L'Europe fait beaucoup mais en ordre dispersé. « Chaque Etat membre envoie son propre personnel, ses propres chiens pisteurs, ses propres avions, etc. Or, l’addition des réponses individuelles organisées dans l’urgence ne sera jamais équivalente à une réponse européenne planifiée, organisée.» Et d'ajouter : « L’Union européenne, collectivement avec les 27 Etats membres, représente le premier donateur mondial pour l’aide humanitaire et l’aide au développement. Nous disposons d’une vaste panoplie de moyens d’instruments civils ou militaires pour répondre aux besoins d’urgence et à la reconstruction. Mais tant que perdureront les réflexes nationaux, nous ne serons malheureusement pas en mesure de tirer le bénéfice concret de ce statut virtuel de force collective. Seule une organisation commune des capacités de protection civile et de l’assistance consulaire des Etats membres permettrait de préparer une réponse efficace et à moindre coût pour l’Union européenne. Ce dont nous avons besoin, ce n’est pas d’une addition de plans nationaux de mobilisation des moyens comme B-FAST en Belgique ; mais d’un véritable EU-FAST.»

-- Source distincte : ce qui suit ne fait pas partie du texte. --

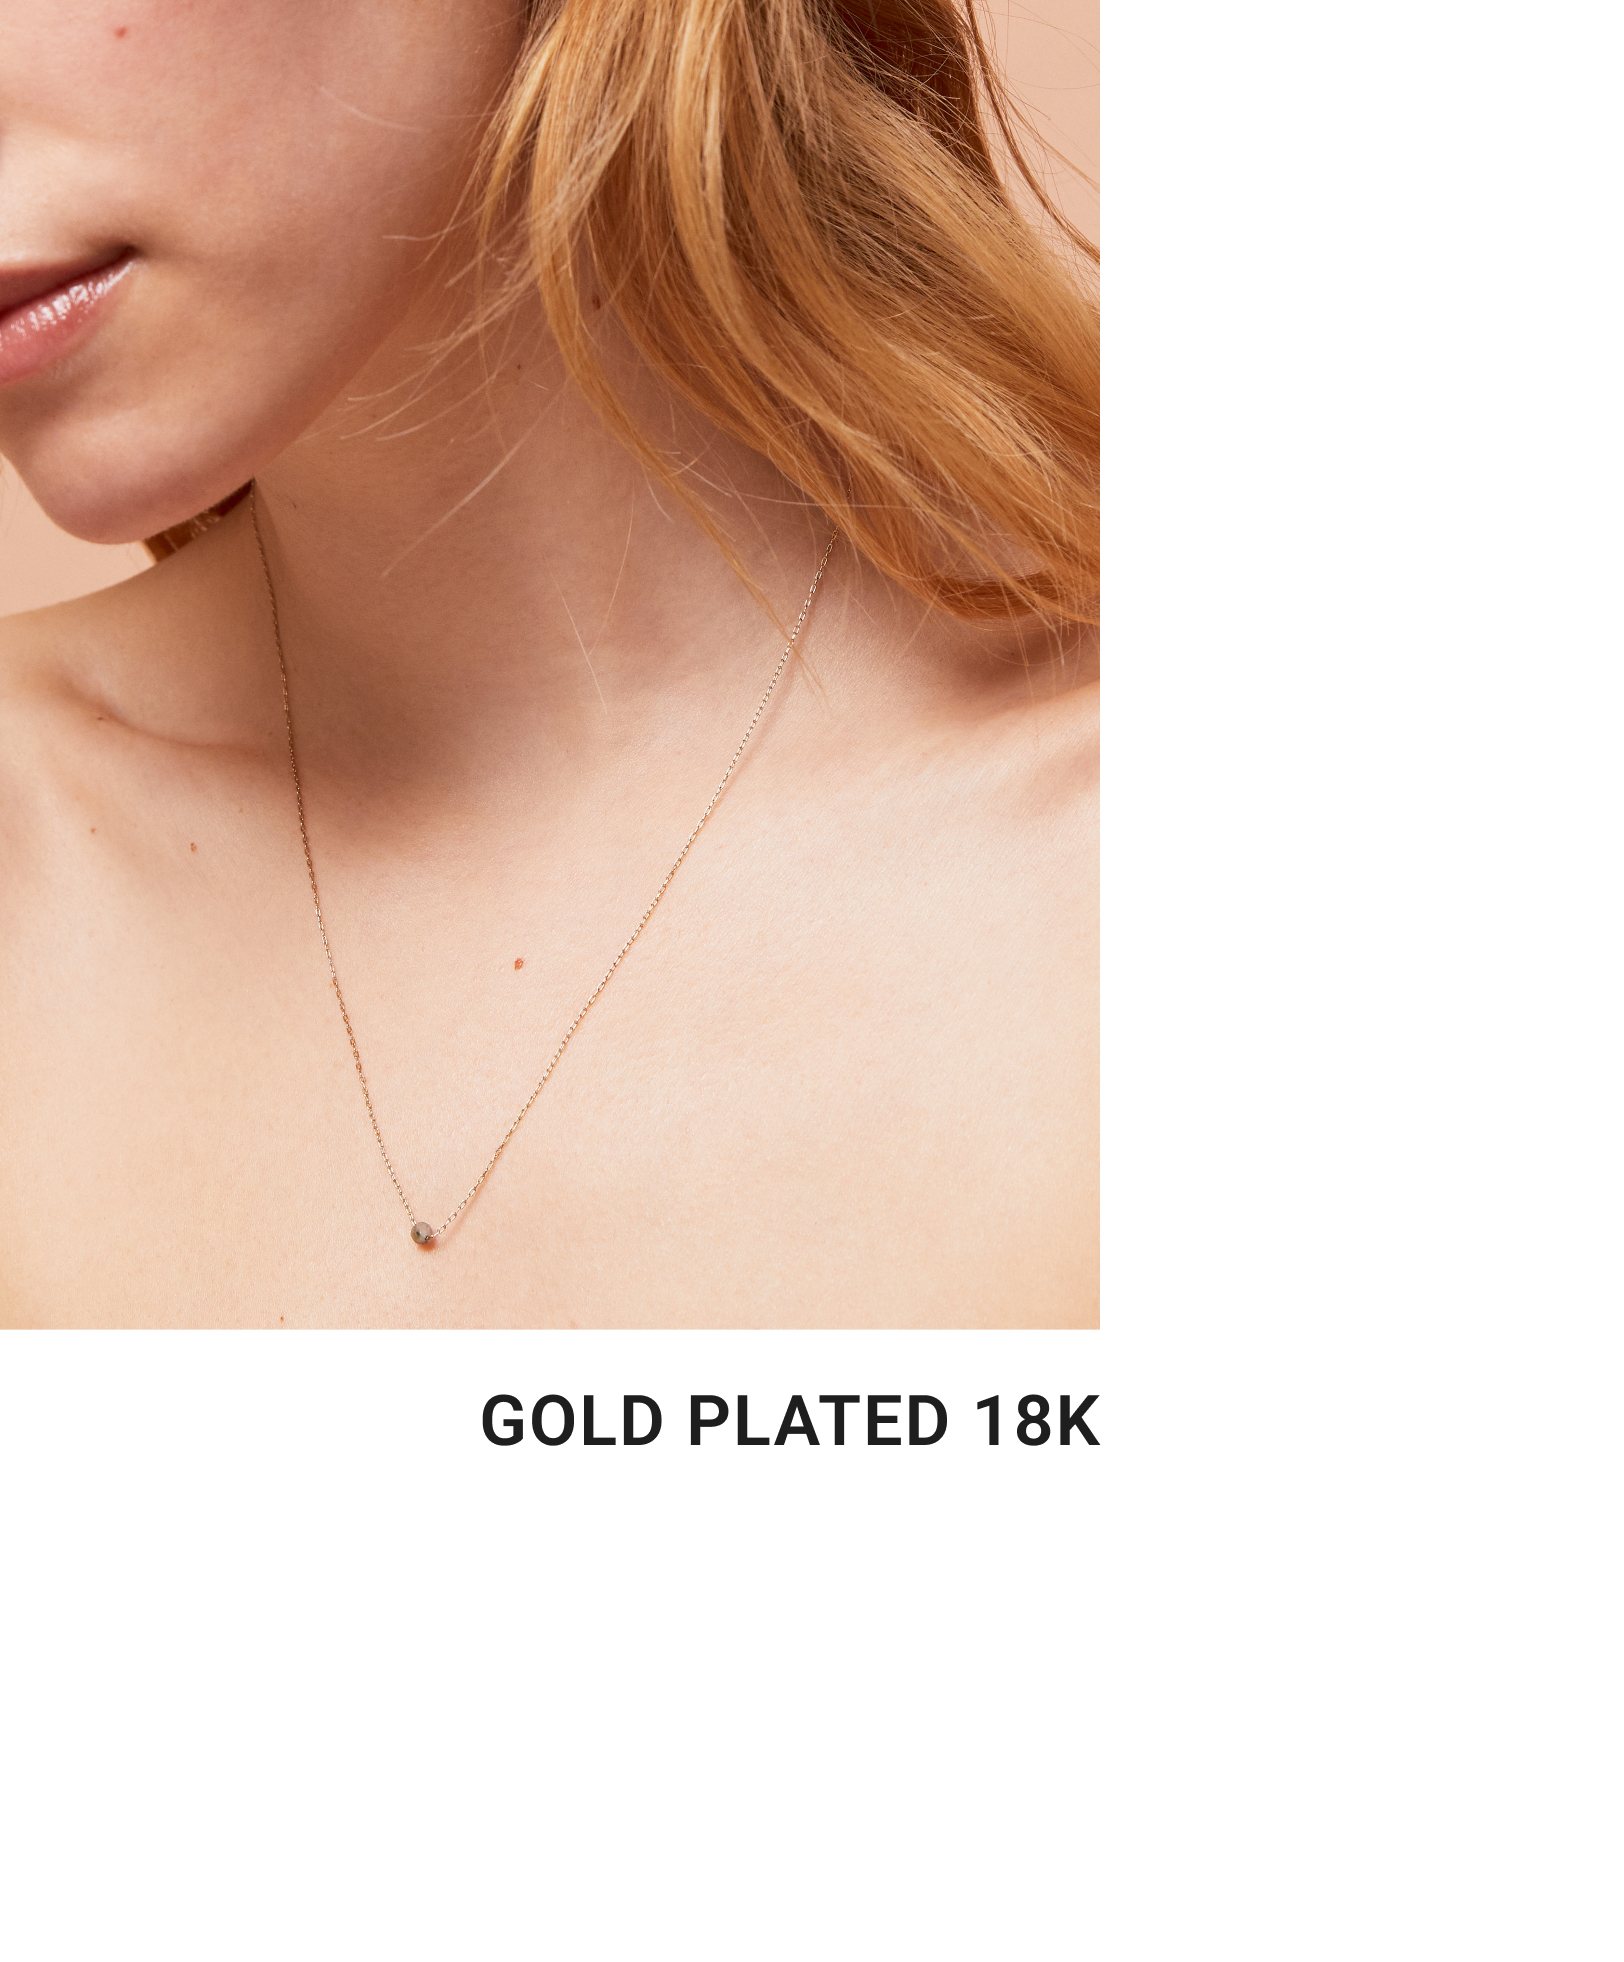 18k gold plated chain and stone necklace

L'idée avait achoppé à plusieurs reprises. L'ancien Premier ministre belge nous rafraîchit la mémoire de ces dates où l'Europe a raté l'histoire... En 2002, le sommet européen avait prévu de créer un instrument communautaire de gestion des catastrophes. « La résistance de certains Etats membres avait été trop forte ». En 2003, avec le Président français Jacques Chirac, le Chancelier allemand Gerhard Schröder et le Premier ministre luxembourgeois Jean-Claude Juncker, cette idée est développée dans le cadre de la PESD. « Cette proposition a finalement échoué à cause du fait qu’un petit nombre d’Etats membres ne pouvait accepter que des moyens militaires soient utilisés pour des actions civiles et humanitaires ». En 2004, « la tragédie du tsunami nous avait une fois encore rappelé que le coût de la « non Europe » en matière de gestion de crise était très élevé, là où les forces envoyées par les Etats-Unis sauvaient des vies en masse et à moindre coût. En 2006, le Commissaire Barnier avait alors proposé la création d’une force commune d’intervention baptisée « Europe Aid », au plus tard à l’horizon de 2010. « Cette fois encore, le projet est resté lettre morte, torpillé par certains Etats membres, soucieux notamment de garder la visibilité de leurs actions de réaction. » Aujourd'hui, explique-t-il « Nous ne pouvons nous permettre de continuer à agir comme si le traité de Lisbonne n’existait pas. Il convient dès maintenant d’agir dans le sens où il a été conçu, c’est-à-dire « plus d’Europe » et cette responsabilité n’incombe pas simplement à « Bruxelles » mais tout autant aux Etats membres. »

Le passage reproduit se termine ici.